Hi Guys, I'm fairly new to the industry and have sat and passed all the relevant exams to become a Domestic installer. I'm a little stuck with one of my pieces to be assessed by NICEIC. I'm doing a full rewire at my dads house and would like to check that I'm calculating the cable volt drop correctly.

So for radials it seems to be fairly simple.
(mV/A/m) x Ib x L / 1000

So for a light circuit using 1.5mm 2 core I got
29 mV/A/m x 6 amps x 30meters = 5220 / 1000 = 5.22 volts, so would be ok as it's within 3% (6.9V) voltage drop.

The bit I'm not sure on is how you calculate this for a ring main?

I had a guess here so please let me know if this is correct or would be a suitable method to use?


18 mV/A/m x 32amps x 50meters.

So what I did was to half the Ib ampage to 16A as it's on a ring so the current can be divided between the incoming and outgoing cables, then half the length also for the same reason.
So my formula came to
18mV/A/m x 16amps x 25m = 7200 / 1000 = 7.2v which would be acceptable.

Had I not done this the voltage drop would have been way too high (18mV/A/m x 32 x 50 = 28800 / 1000 = 28.8v).

Help would be much appreciated. cheers.

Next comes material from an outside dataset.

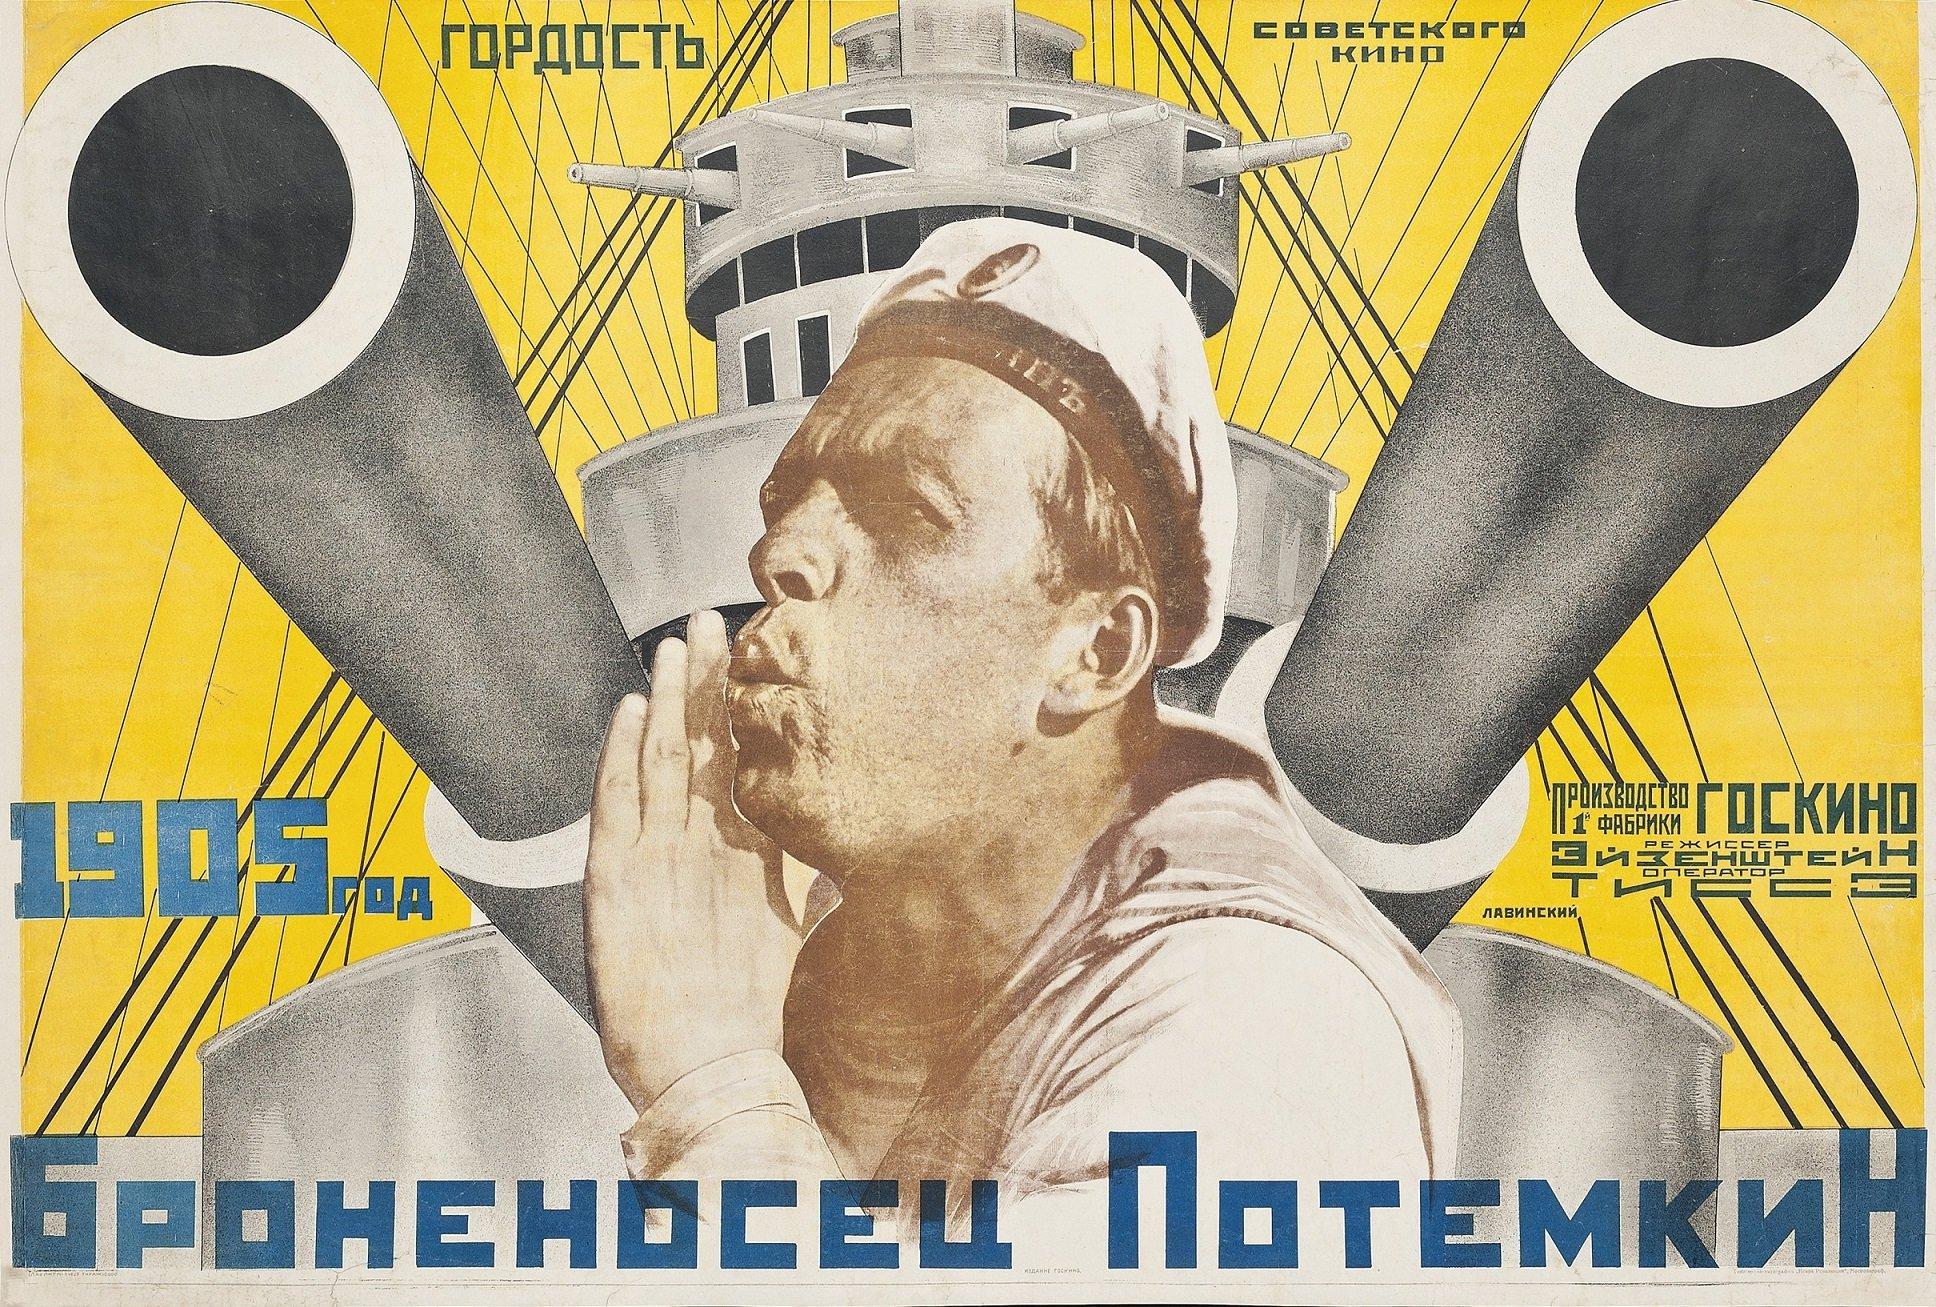 battleship potemkin as propaganda The russian master's 1925 bombshell battleship potemkin a/k/a cinema history's third greatest game-changer for all potemkin's rabble-rousing propaganda.

Rich
 
18 mV/A/m x 32amps x 50meters.

So what I did was to half the Ib ampage to 16A as it's on a ring so the current can be divided between the incoming and outgoing cables, then half the length also for the same reason.
So my formula came to
18mV/A/m x 16amps x 25m = 7200 / 1000 = 7.2v which would be acceptable.

Had I not done this the voltage drop would have been way too high (18mV/A/m x 32 x 50 = 28800 / 1000 = 28.8v).
You have arrived at the correct answer so your thinking is good.

However, you should have just divided the total length by 4 (same as for the resistance).

Also, on radial circuits you can use the actual load instead of the mcb rating.
For lighting circuits the v.d. will decrease along the length.
 
Thanks for the replies guys. Table H2.1 seems to be what I had overlooked!
Also cheers for the tip Geoffsd. Might be able to squeeze an extra few meters out of my radial lighting circuit using the design current rather than mcb rating then.
 
Hi Guys, I'm fairly new to the industry and have sat and passed all the relevant exams to become a Domestic installer. I'm a little stuck with one of my pieces to be assessed by NICEIC. I'm doing a full rewire at my dads house and would like to check that I'm calculating the cable volt drop correctly.

So for radials it seems to be fairly simple.
(mV/A/m) x Ib x L / 1000

So for a light circuit using 1.5mm 2 core I got
29 mV/A/m x 6 amps x 30meters = 5220 / 1000 = 5.22 volts, so would be ok as it's within 3% (6.9V) voltage drop.

The bit I'm not sure on is how you calculate this for a ring main?

I had a guess here so please let me know if this is correct or would be a suitable method to use?


18 mV/A/m x 32amps x 50meters.

So what I did was to half the Ib ampage to 16A as it's on a ring so the current can be divided between the incoming and outgoing cables, then half the length also for the same reason.
So my formula came to
18mV/A/m x 16amps x 25m = 7200 / 1000 = 7.2v which would be acceptable.

Had I not done this the voltage drop would have been way too high (18mV/A/m x 32 x 50 = 28800 / 1000 = 28.8v).

Help would be much appreciated. cheers. Rich
Divide the mv/a/m by 4
 
Divide the mv/a/m by 4
(Mv/a/m \4) X IB X L
—————————- = vd in a ring
1000

you 1/4 the mv/a/m figure because it’s a ring.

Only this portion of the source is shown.